Я заметил, что Изабелла слушает его с нарастающим раздражением. Ларри был далек от мысли, что он вонзил ей нож в сердце и каждым новым словом поворачивает его в ране. Но когда она заговорила, на губах ее играла улыбка.
— Интересно, почему она именно тебе открыла свою тайну?
Ларри поднял на нее доверчивый взгляд.
— Не знаю. Она из всех вас была самая бедная, а я был сбоку припека. Я ведь и жил там только потому, что у дяди Боба была практика в Марвине. Может быть, ей казалось, что это нас как-то сближает.
Родных у Ларри не было. У большинства из нас есть хотя бы двоюродные братья или сестры, пусть мы с ними почти не знакомы, но они дают нам почувствовать себя членами человеческой семьи. Отец Ларри был единственным сыном, мать — единственной дочерью; один из его дедов, квакер, еще молодым человеком погиб в море, у другого не было ни братьев, ни сестер. Ларри был в полном смысле слова один на свете.
— А тебе не приходило в голову, что Софи в тебя влюблена?
— Нет.
— Ну и напрасно.
— Когда Ларри вернулся с войны раненым героем, половина всех девушек в Чикаго по нем вздыхала,— грубовато-добродушно вставил Грэй.
— Тут дело было серьезнее. Она на тебя только что не молилась. И ты хочешь меня убедить, что не знал этого?
— Тогда не знал и сейчас не верю.
— Наверно, думал, что она для этого слишком возвышенная?
— Я все вспоминаю худенькую девочку с бантом в волосах и серьезным личиком и как она читала оду Китса и голос у нее дрожал от слез, потому что стихи были такие красивые. Где-то она теперь?
Изабелла чуть заметно вздрогнула и бросила на него пытливый, вопрошающий взгляд.
— Да вы знаете, который час? Я прямо валюсь от усталости. Поехали домой.
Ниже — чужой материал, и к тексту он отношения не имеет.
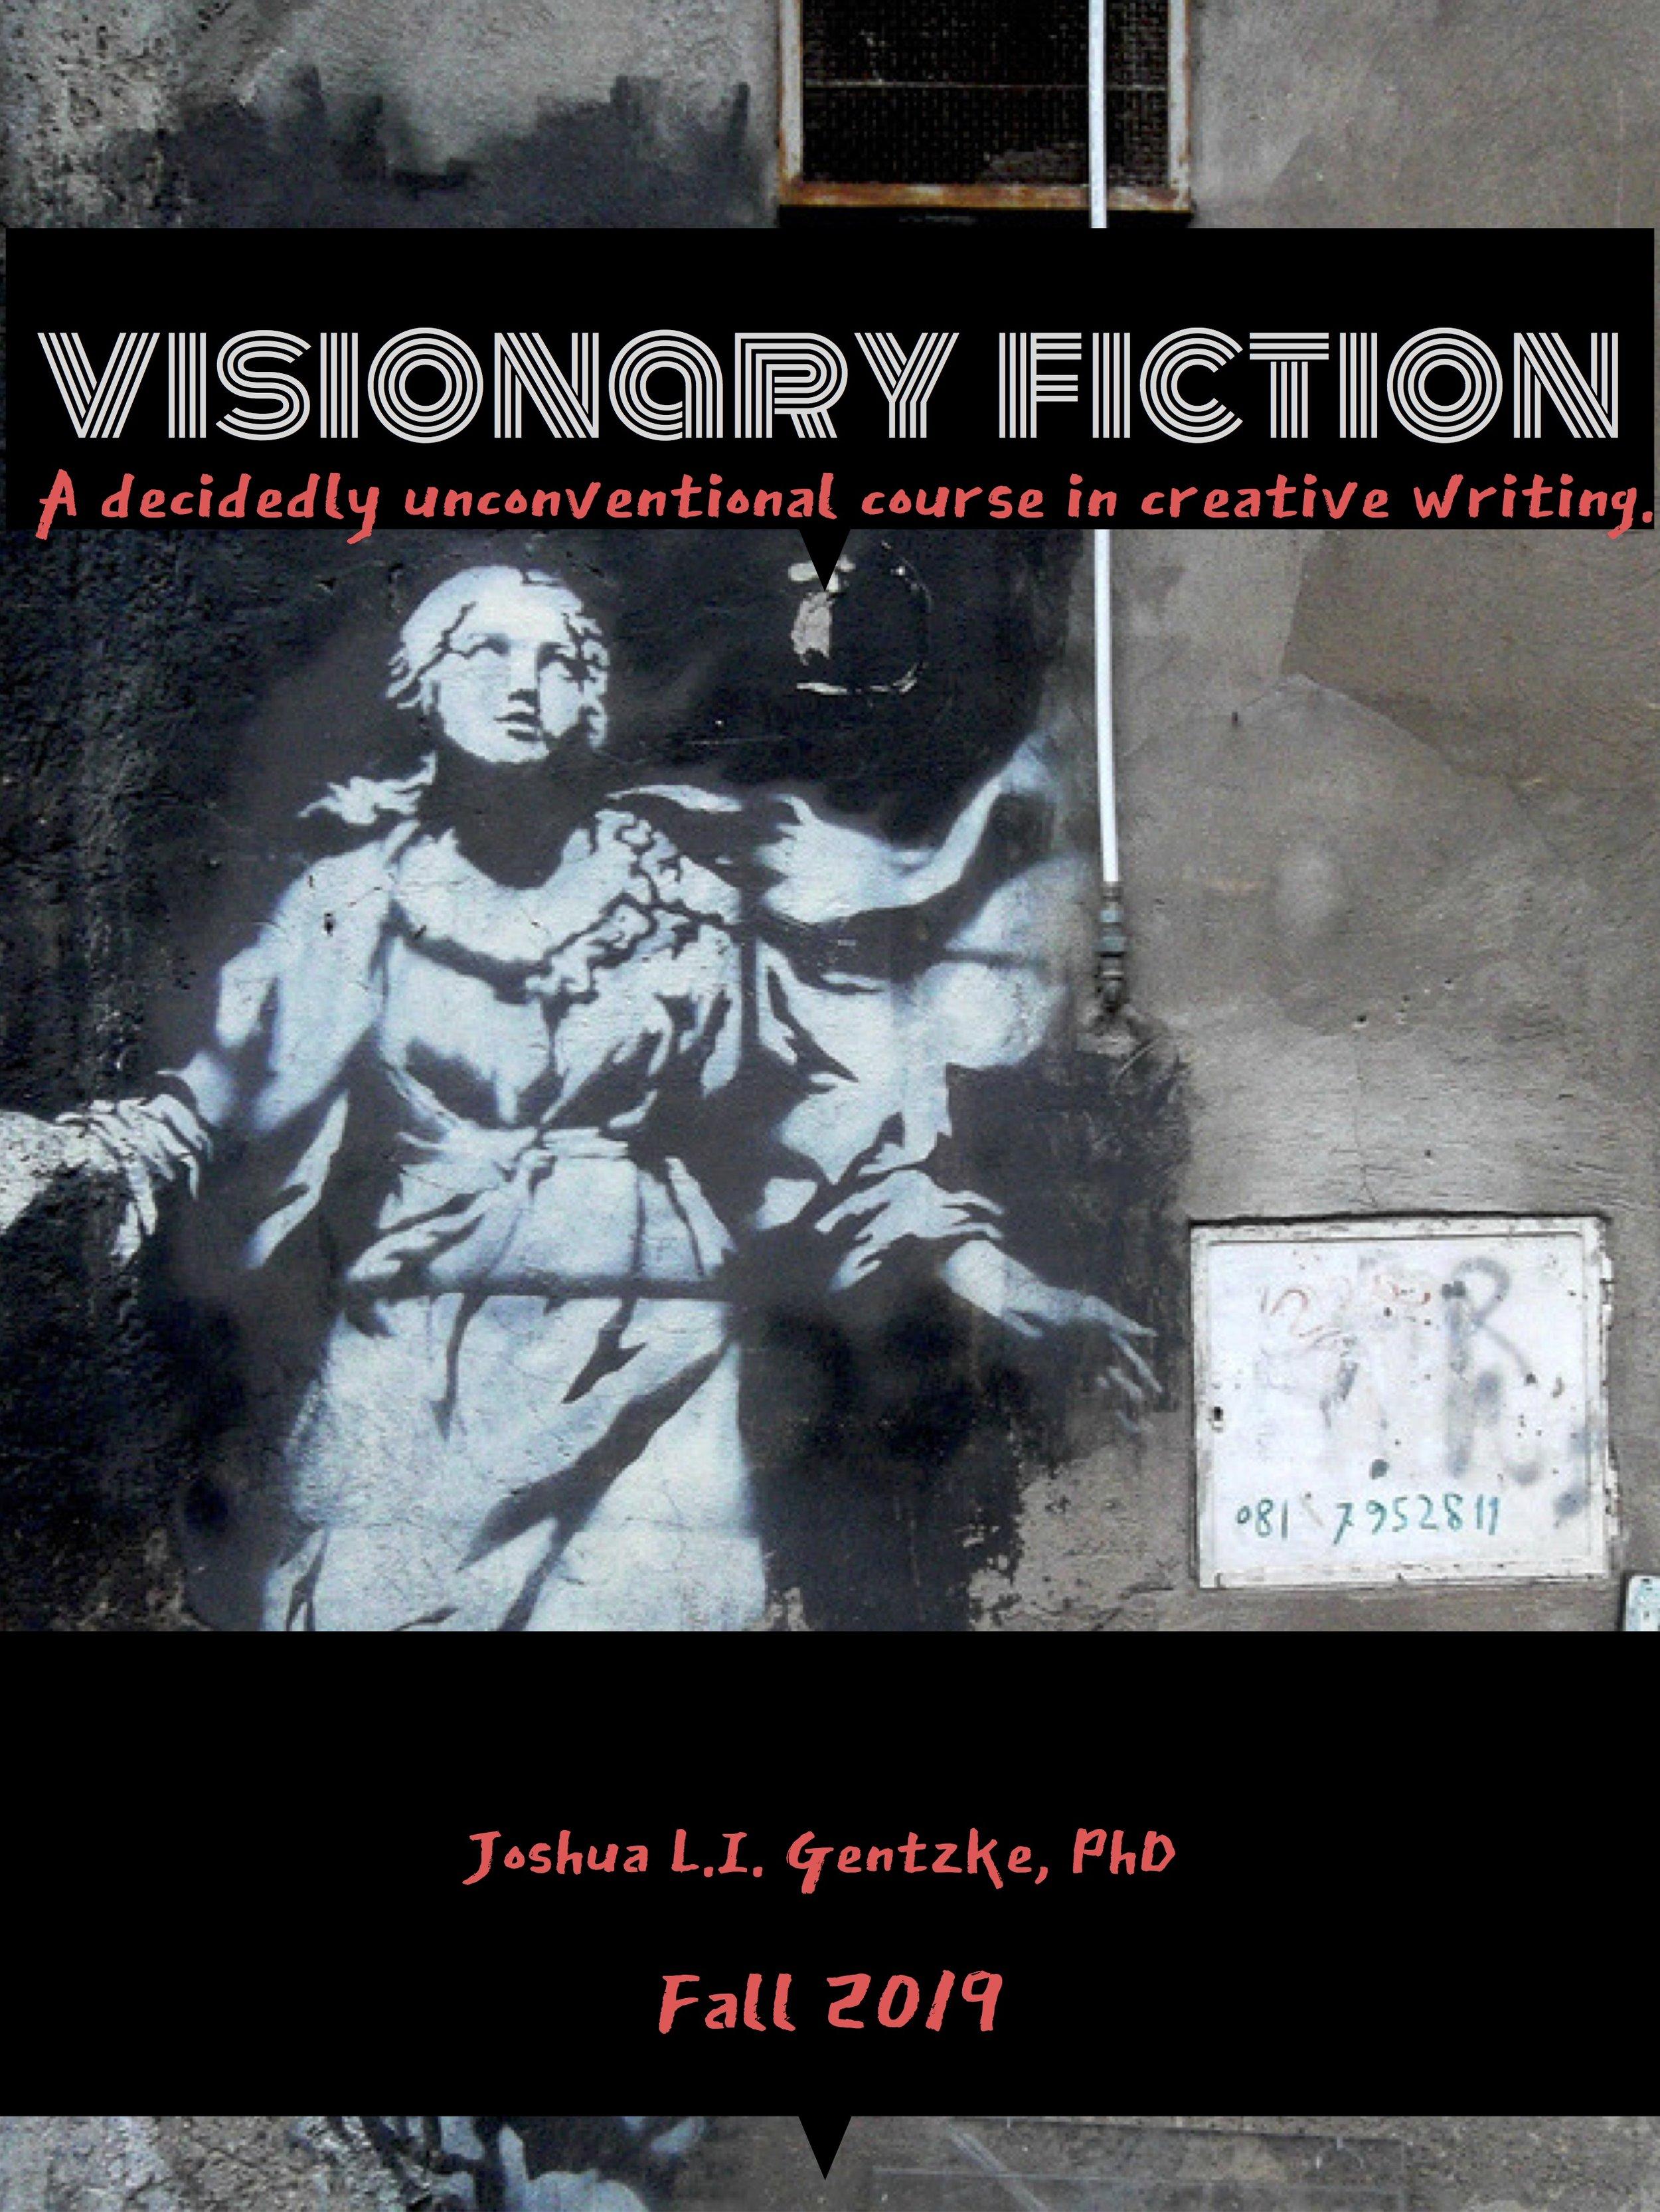 visionary fiction - poster #1.jpg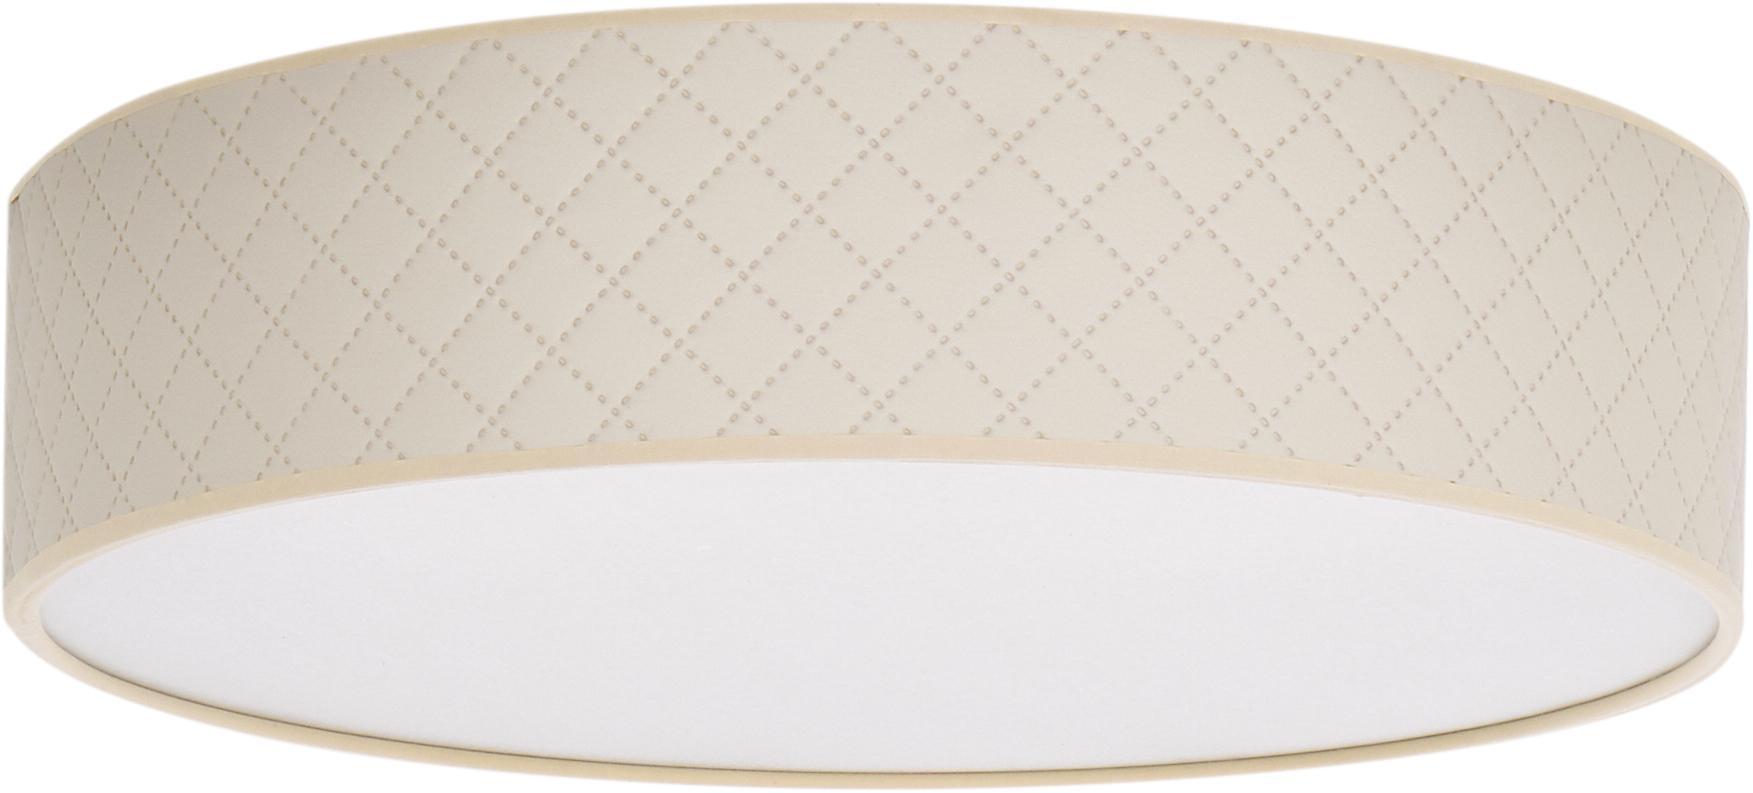 Plafondlamp Trece uit leer, Lampenkap: leer, Diffuser: papier, Crèmekleurig, Ø 40 x H 11 cm

На следующий вечер я отбыл Голубым экспрессом на Ривьеру, а дня через три наведался в Антиб к Эллиоту рассказать ему парижские новости. Выглядел он плохо. Курс лечения в Монтекатино не оправдал его ожиданий, и последующие разъезды вконец его измотали. Купель он в Венеции нашел, потом махнул во Флоренцию покупать триптих, к которому уже давно приценивался. Чтобы лично присмотреть за тем, как будут размещать эти предметы, он поехал в Понтийские болота и поселился в паршивенькой гостинице, где неимоверно страдал от жары. Его драгоценные покупки задержались в дороге, но он твердо решил не бросать начатое дело и дождался их. Когда все было наконец приведено в порядок, он остался очень доволен эффектом и сделал несколько снимков, которые и показал мне. Церковь, хоть и небольшая, производила величественное впечатление, а интерьер ее лишний раз подтверждал прекрасный вкус Эллиота.
— В Риме я видел саркофаг времен раннего христианства, прекрасной работы, долго думал, не купить ли его, но в конце концов отказался от этой мысли.
— Чего ради вам понадобился саркофаг времен раннего христианства?
— Чтобы лечь в него, милейший. Он был очень красивый и хорошо гармонировал бы с купелью, если бы установить его с другой стороны от входа. Но эти ранние христиане были какие-то недомерки, я бы в нем не поместился. Мне не улыбалось лежать до Страшного суда, подогнув колени к подбородку, как неродившийся младенец. Очень неудобная поза.
Я рассмеялся, но Эллиот продолжал совершенно серьезно:
— Я придумал кое-что получше. Я уже договорился, правда не без труда, но этого следовало ожидать, что меня похоронят под полом, у подножия алтарных ступеней, так что нищие крестьяне Понтийских болот, подходя к святому причастию, будут топать над моим прахом своими грубыми башмаками. Прелестная идея, вы не находите? Просто гладкая каменная плита, и на ней мое имя и даты рождения и смерти. Si monumentum quaeris, circumspice. Ну, вы знаете, «если ищешь его памятник, оглянись вокруг».